Construction PMI moderates in August, but remains strong

The latest Ulster Bank Construction PMI, released this morning, shows that growth in activity remained brisk in August, with the headline PMI coming in at 58.3 versus July's 60.7 reading.

latest above-50 reading means that the sector has enjoyed an unbroken sequence of growth that now extends to five years. All three segments - Housing (60.3), Commercial (57.7) and Civil Engineering (51.5) - enjoyed growth in August. Lead indicators such as planning permissions data, the Dublin Crane Count (which recently hit a new peak in the current development cycle) and the government's expansionary fiscal policies all point to continued growth in activity for the sector. To this end, it is unsurprising to see that almost 60% of respondents to the PMI release predict increased output over the coming year.

Irish Banks: Mortgage arrears continue to reduce

The latest Mortgage Arrears & Repossessions Statistics, covering Q218, were released on Friday. These show continued reductions in arrears. To start with the PDH (owner-occupied) segment, at the end of Q2 there were 725,693 accounts outstanding with a total balance of €98.2bn. Of these, 46,008 (6.3%) were in arrears of more than 90 days past due (90dpd), with a combined balance of €9.5bn (9.7%) and total arrears of €2.7bn. This is the first time since Q211 that the aggregate balance of accounts more than 90dpd was sub-10% of the stock of PDH accounts outstanding, the peak being 17.3% in Q313. As before, the highest concentration of arrears was in the more than 720dpd category, where total arrears of €2.5bn (91% of all PDH arrears) equate to an average of €87,363 per account, compared to average arrears of €12,530 in the accounts that are between 90dpd and 720dpd. Turning to BTL accounts, at end-June there were 118,234 of these with an aggregate balance of €20.9bn. Of these, 17,394 (14.7%) of accounts were in arrears of more than 90dpd, with a combined balance of €4.7bn (22.5%) and total arrears of €2.1bn. Similar to the PDH segment, there has been a steady reduction in arrears here, with the 22.5% (of accounts by value) representing a fifth successive reduction and bringing cumulative reductions since the Q314 peak to 830bps. The release also provides an update on collateral enforcement measures. During Q2 the banks repossessed 343 properties (245 PDH and 98 BTL), with the majority of these being voluntarily surrendered or abandoned by borrowers. At the end of June the banks held 3,476 properties, which equates to c. 0.2% of the Irish housing stock (note that many of these are occupied), while 5,915 BTL properties had rent receivers in place at the end of Q2. Total industry-wide arrears (as measured by the aggregate balance of accounts in arrears) have now declined for 20 successive quarters. However, the concentration of arrears in the very long term (>720dpd) segment remains a particular challenge. 

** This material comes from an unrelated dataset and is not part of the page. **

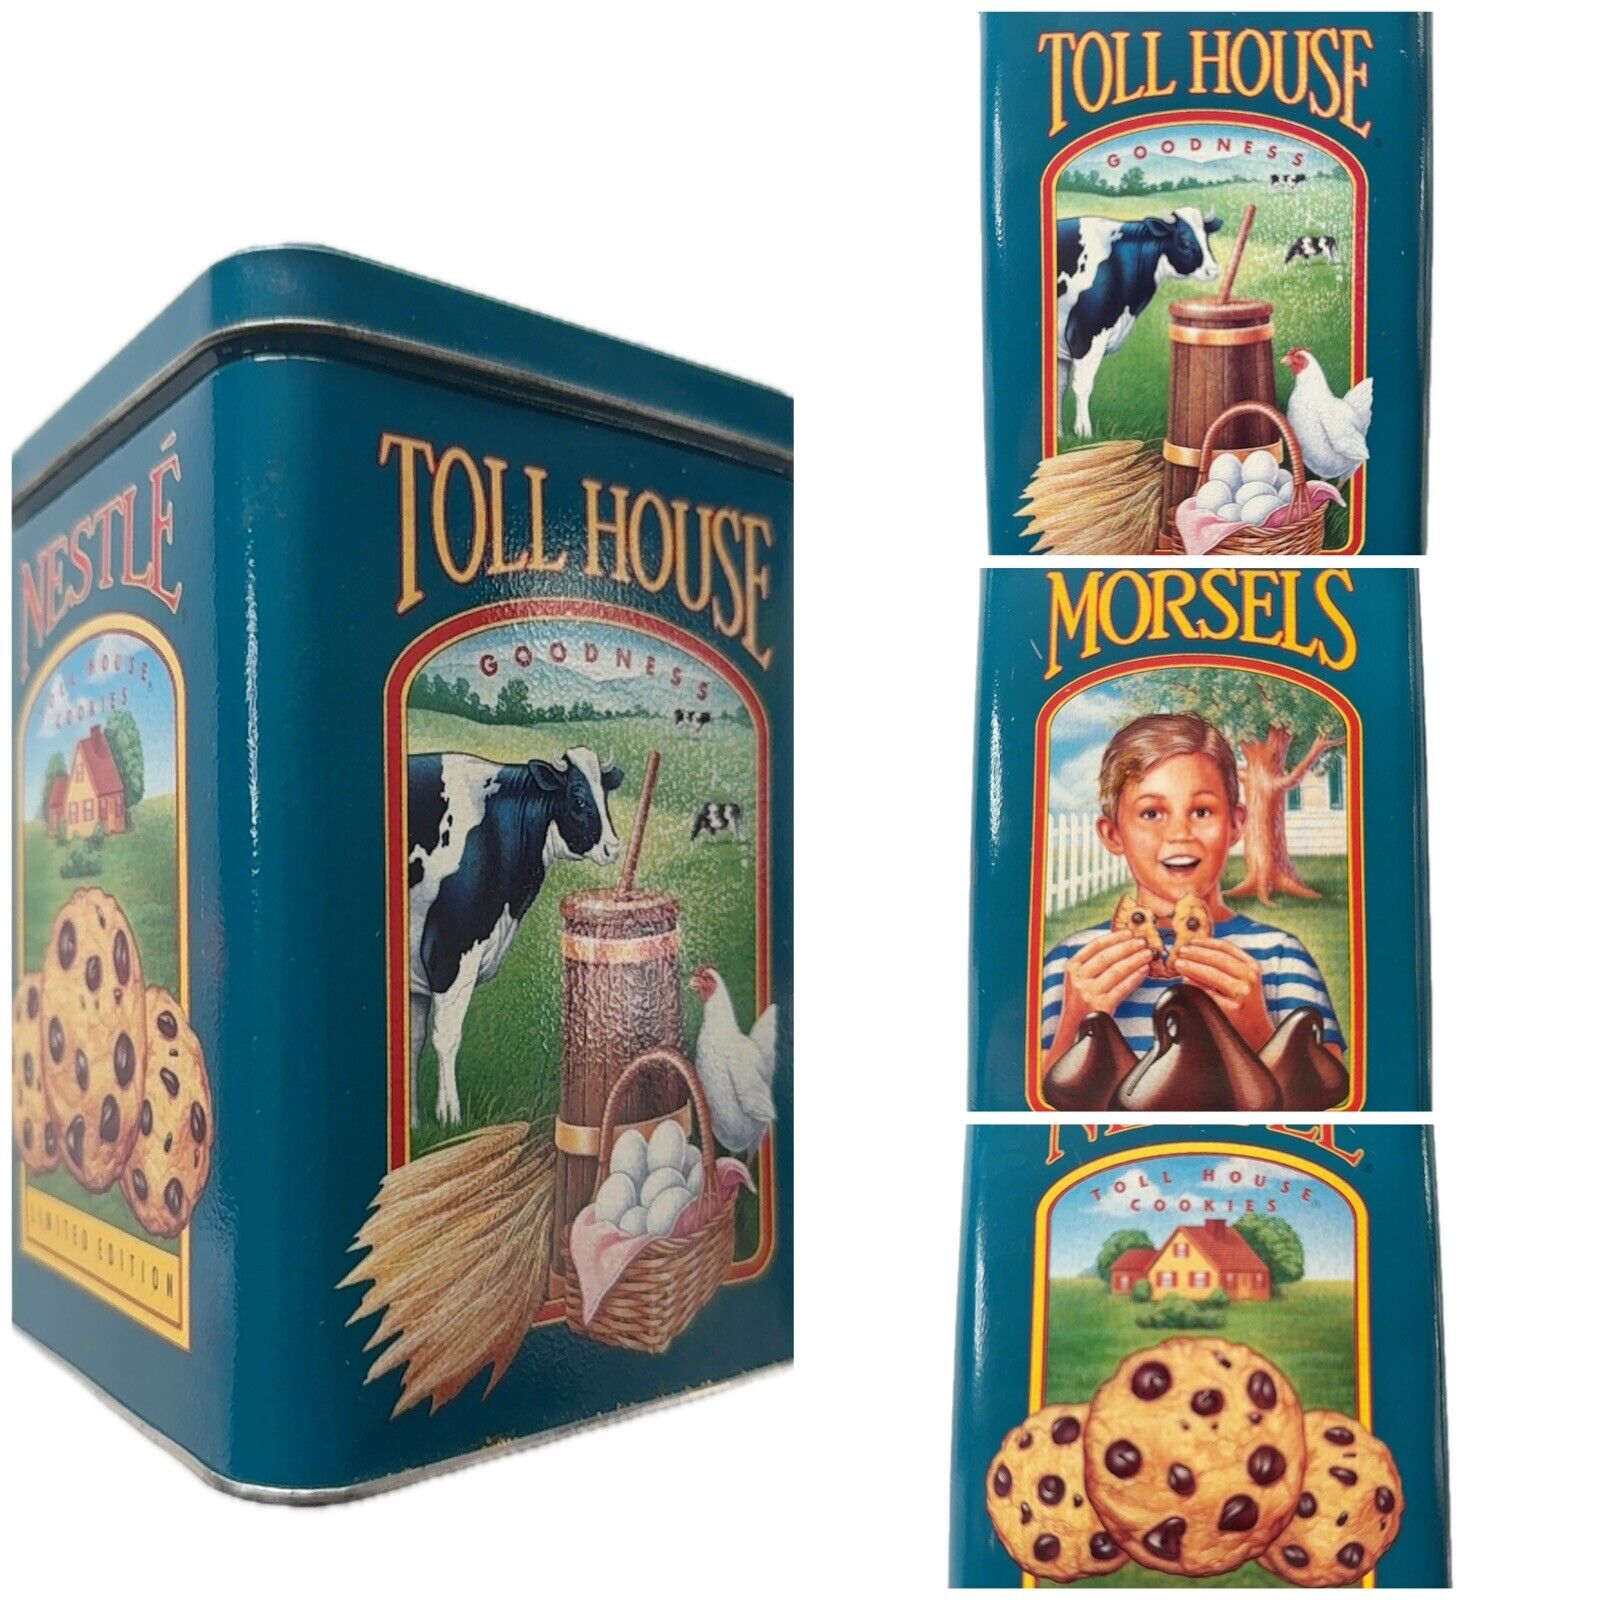 Nestle Toll House Tin Limited Edition Cookies Morsels Farm Cow Chicken Vintage

Irish Economy: NTMA comments on Green Bond issuance

The NTMA announced on Friday that it intends to issue Ireland’s first Green Bond in the coming months, subject to market conditions. This move follows Government approval of the NTMA’s Irish Sovereign Green Bond (ISGB) Framework. This publication details how proceeds from ISGB issuance will be used to finance eligible green projects and has been reviewed independently by Sustainalytics, an ESG consultancy. Within the EU28 only France, Belgium and Poland have issued Green Bonds to date, so this move by the NTMA serves as a reminder of the agency’s appetite for using product innovation to help expand its investor base. In recent times the NTMA has issued Ireland’s first inflation linked bond and also the country’s first century bond. 

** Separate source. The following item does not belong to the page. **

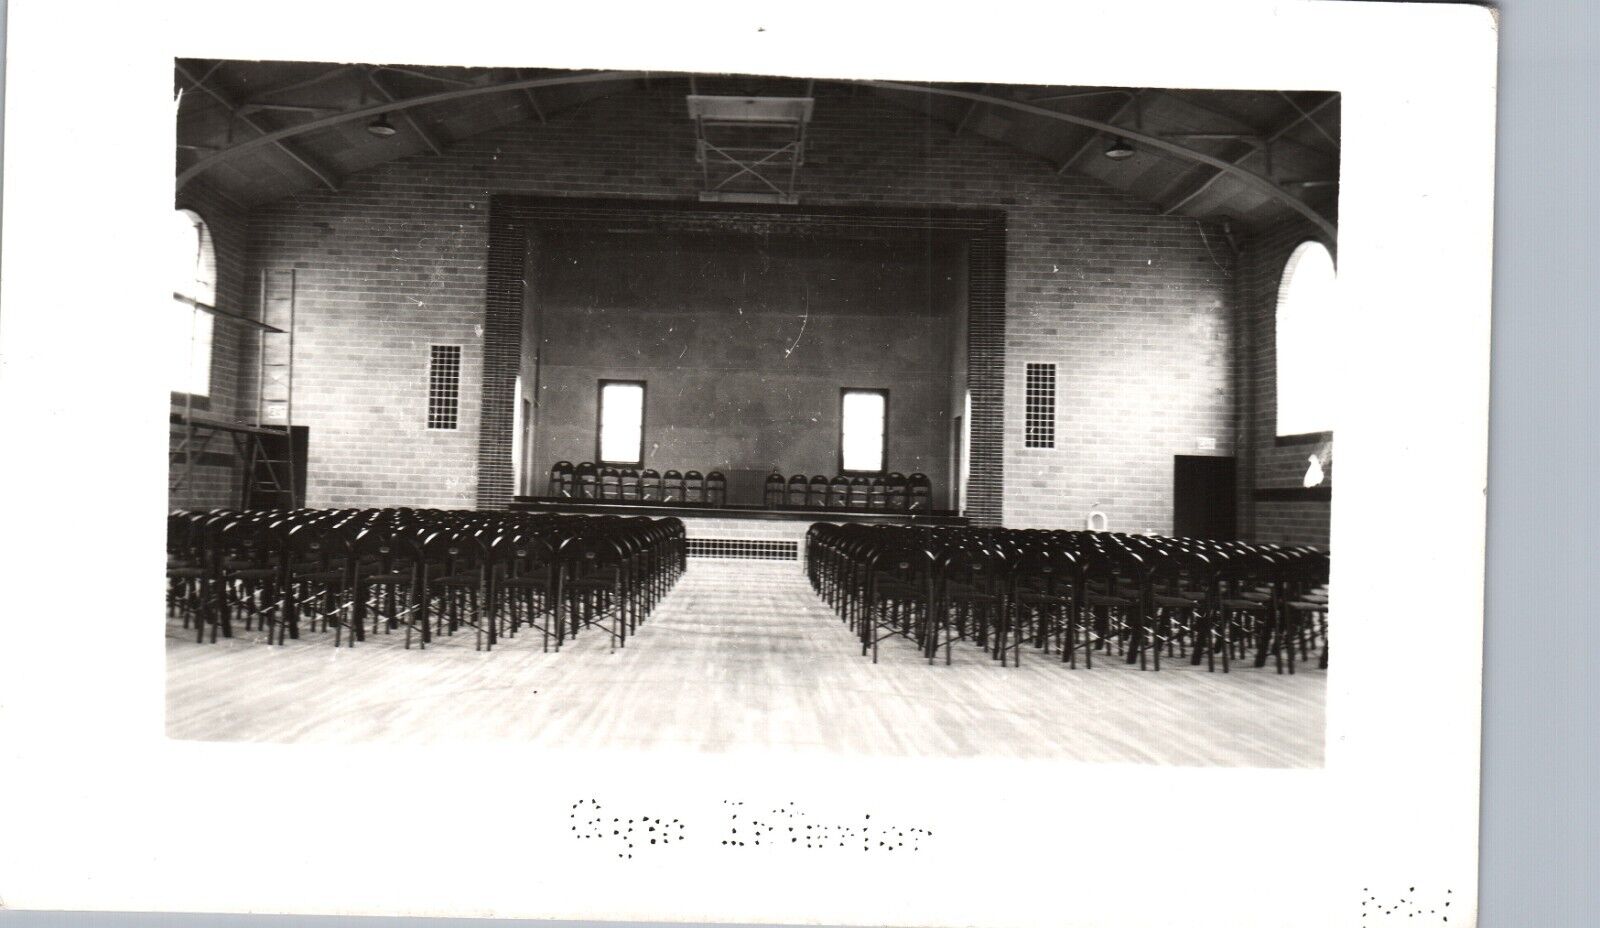 GYM INTERIOR plymouth wi real photo postcard rppc mission house college lakeland

Trump hints at fresh tariffs

On Friday President Trump indicated that he was ready to move on a fresh round of tariff increases on Chinese goods. A consultation period on whether to impose new levies on $200bn of imports from China ended late last week and according to news sources the principal debate centres on whether they should be 10% or 25%, or a combination of both. White House economic adviser Larry Kudlow indicated that the President would be willing to meet Chinese President Xi later this month to discuss trade, but there seem to be few hopes that a further escalation in the trade war can be avoided.